2023 State of the Tax Professionals Report: Growth

Strategic priorities for tax professionals

In 2023, as businesses are trying to reclaim some semblance of normal operations after several years of pandemic-related uncertainty, accounting firms are also rethinking their priorities to better meet customer demand and position themselves for future prosperity.

While overall goals for tax-firm owners and leaders remained consistent in the latest 2023 State of the Tax Professionals Report, efficiency reasserted its primacy as a top strategic priority, client service moved up in importance, and the search for quality talent — last year’s top priority — slipped to fourth place, behind growth.

Priorities are aggregated by the number of mentions from surveys of more than 500 tax leaders around the world and grouped by theme. Going into 2023, the conversation in accounting is a bit different than it was in 2022.

When evaluating these survey results, you should note that although the order of priorities may have changed, this doesn’t necessarily mean firms care any less about any given priority; it’s just that respondents’ primary focus may have shifted. As a practical matter, all these priorities are interrelated, and the statistical difference between the top three priorities, for example, is only a few percentage points. Although finding and developing talent did drop from the top spot to the fourth spot overall due to input from small and midsize accounting firms, the hunt for talent is still a top priority at large firms.

Indeed, firm size is a crucial factor in these findings as well. For large firms (30 or more people), recruiting, developing, and retaining high-caliber talent remains the highest priority. In contrast, midsize firms (between four and 29 people) focus more on efficiency and client service. Talent isn’t as much of an issue at small firms (one to three people), where there is more focus on client service and growth.

Priority 3: Growth

One way or another, growth will always be a top priority for tax firm leaders — although it technically dropped a spot on our overall priority list, the difference between 2022 and 2023 is statistically insignificant. Strategies for how to grow do not appear to have changed much in the past few years either.

Such strategies as expanding the firm’s client base, leveraging technology and automation, and getting more work from existing clients remain the most popular paths to growth. Other strategies — such as offering new services and acquiring another firm — are still in the mix, but in this category, more so than others, favored growth strategies differ depending on the size of the firm.

Growth strategies

For example, small and midsize firms actively pursuing a growth strategy tend to prioritize growing their client base, whereas firms with more than 30 people are more likely to prioritize getting more high-value work from existing clients. Large firms are also better positioned to fuel growth by adding staff or acquiring another firm.

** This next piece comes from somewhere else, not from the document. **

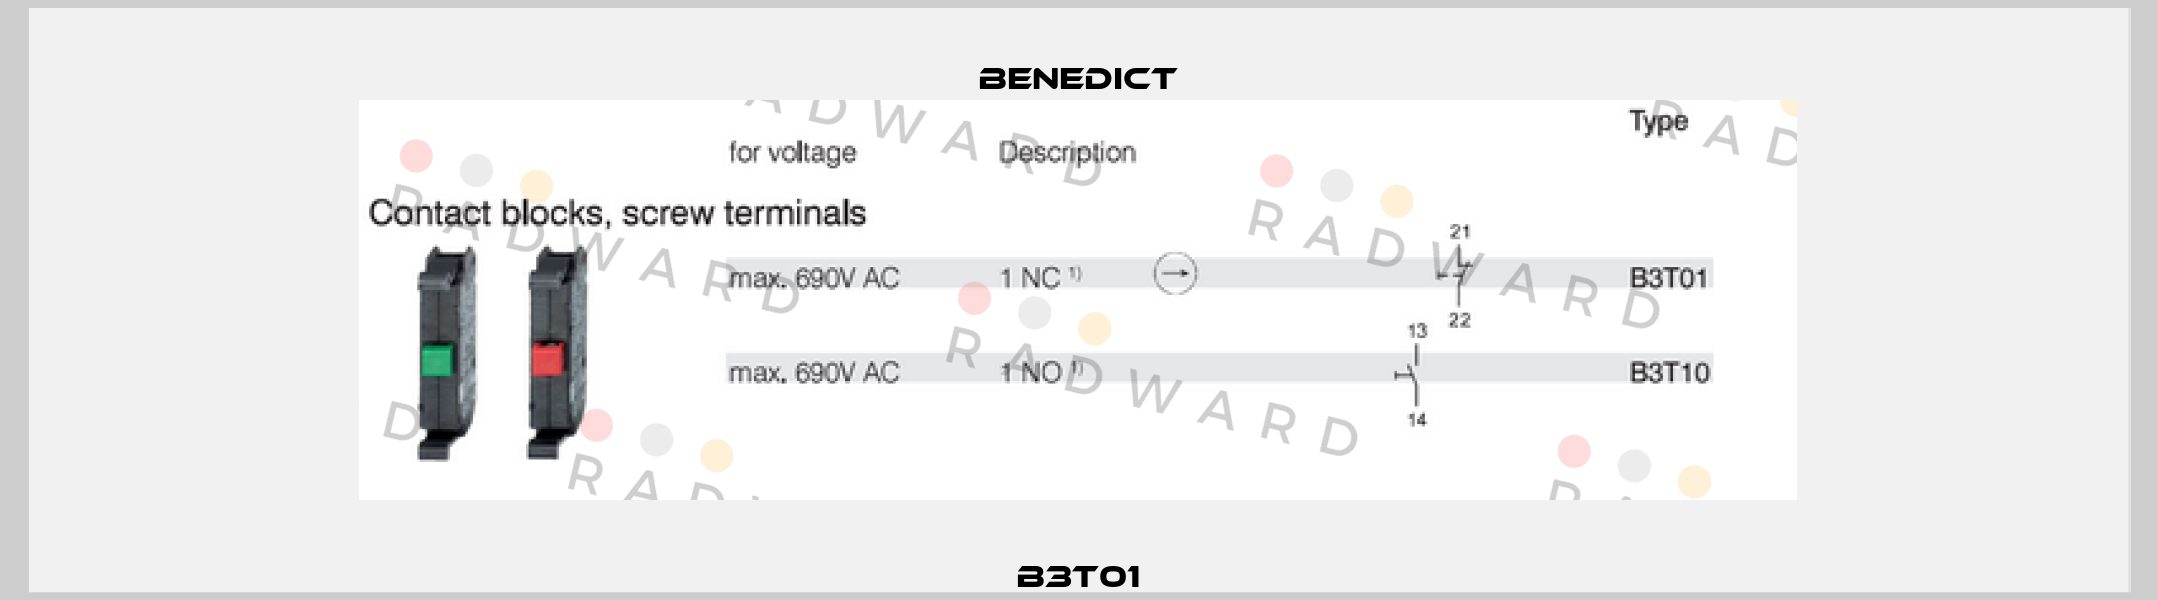 B3T01 Benedict

Where technology is concerned, midsize firms are more likely to prioritize greater use of technology and automation as a growth strategy, although large and small firms aren’t far behind. In our 2023 survey, 60% of midsize firms with a growth strategy said incorporating more technology and automation was critical to their growth aspirations, while small and large firms alike said the same at 48% and 53%, respectively.

Expanding the client base 
To similar but varying degrees, tax and accounting firms of all sizes appear focused on growing their client base or targeting high-quality clients to boost the number and size of billable hours. Currently, the overall client mix among all firms leans heavily toward private individuals and small to midsize companies with less than $50 million in revenue.

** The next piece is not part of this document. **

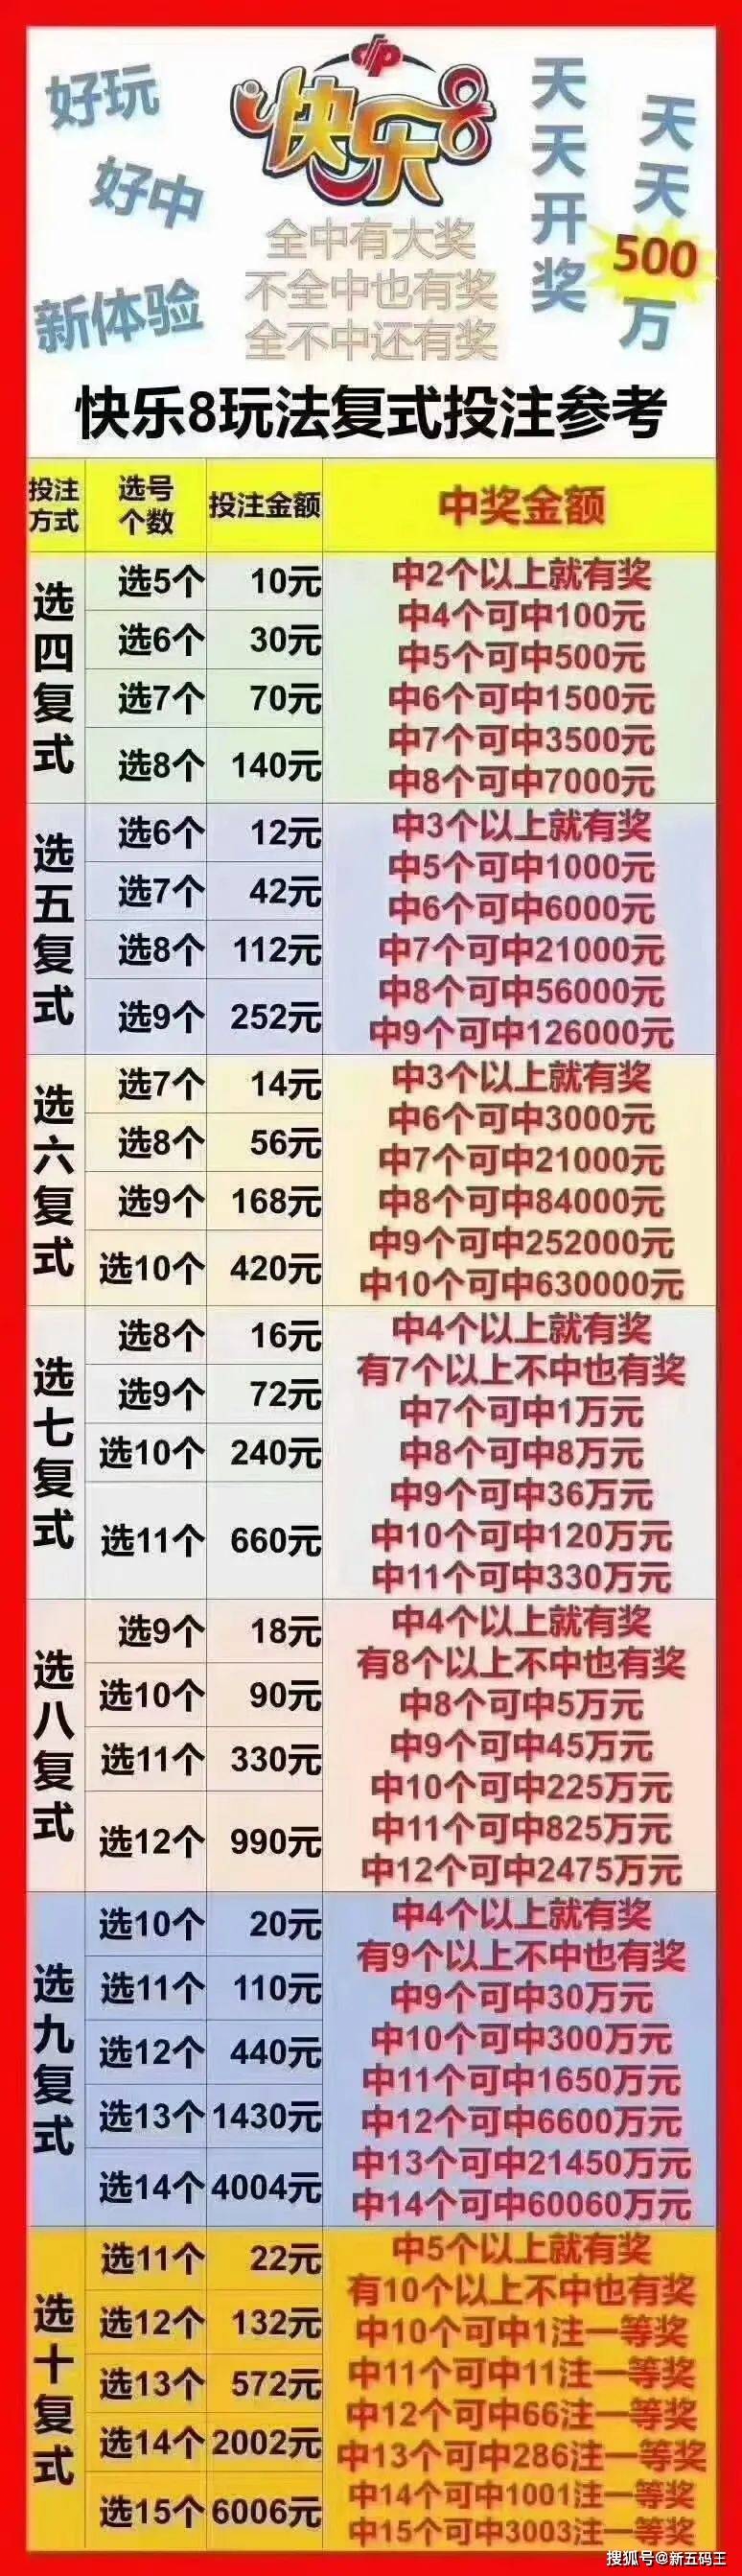 中国福利彩票"快乐8"游戏规则

When asked to describe their overall client base, for instance, firms reported that, on average, 78% of their clients are individuals or small businesses with less than $1 million in revenue. When broken down by firm size, however, it’s apparent that small firms rely almost entirely on individuals and small businesses, whereas, not surprisingly, larger companies tend to gravitate toward larger firms.

In small firms, for example, 89% of clients are either individuals (58%) or small businesses (31%), and only 8% of their work comes from companies with more than $1 million in revenue — not including the category of charities, non-profits, government, or other. Meanwhile, at midsize firms, individuals and small businesses still make up the majority of clients (78%), but 14% of their clients are medium-size companies with between $1 million and $50 million in revenue, and 3% are companies with more than $50 million in revenue.

The big fish: High-value corporate clients
The dynamics shift a bit more dramatically at large firms. At these larger firms, a little more than half (55%) of clients are still individuals and small businesses, almost one-quarter (24%) are medium-size companies — $1 million to $50 million in revenue — and 10% are large companies with more than $50 million in revenue.

Looked at another way, this means that large accounting firms are three times more likely to have a big fish client — those with annual revenue of $50 million or more — within their customer base compared to firms with fewer than 30 people. In fact, three-quarters of firm leaders who responded to this year’s survey said they do not have any large corporate clients at all. On the other end of the spectrum, a select few firms (3%) say companies in the $50-million-plus club make up most of their business, which is rarified air indeed.

Key takeaway 
Growth strategies differ according to firm size, with the general rule that the larger the firm, the more likely it can attract high-value corporate clients and have more options to fuel further growth.


While concerns about talent were dominant in last year’s survey, those have now given way to an increasing desire for greater efficiency, along with a renewed commitment to the expansion and delivery of client services.

Heading into 2023, tax and accounting firm leaders reported that their top overall priority now is driving operational efficiency, which may reflect a need to contain costs ahead of a potential recession and a desire to squeeze as much productivity as possible out of existing processes, systems, and personnel.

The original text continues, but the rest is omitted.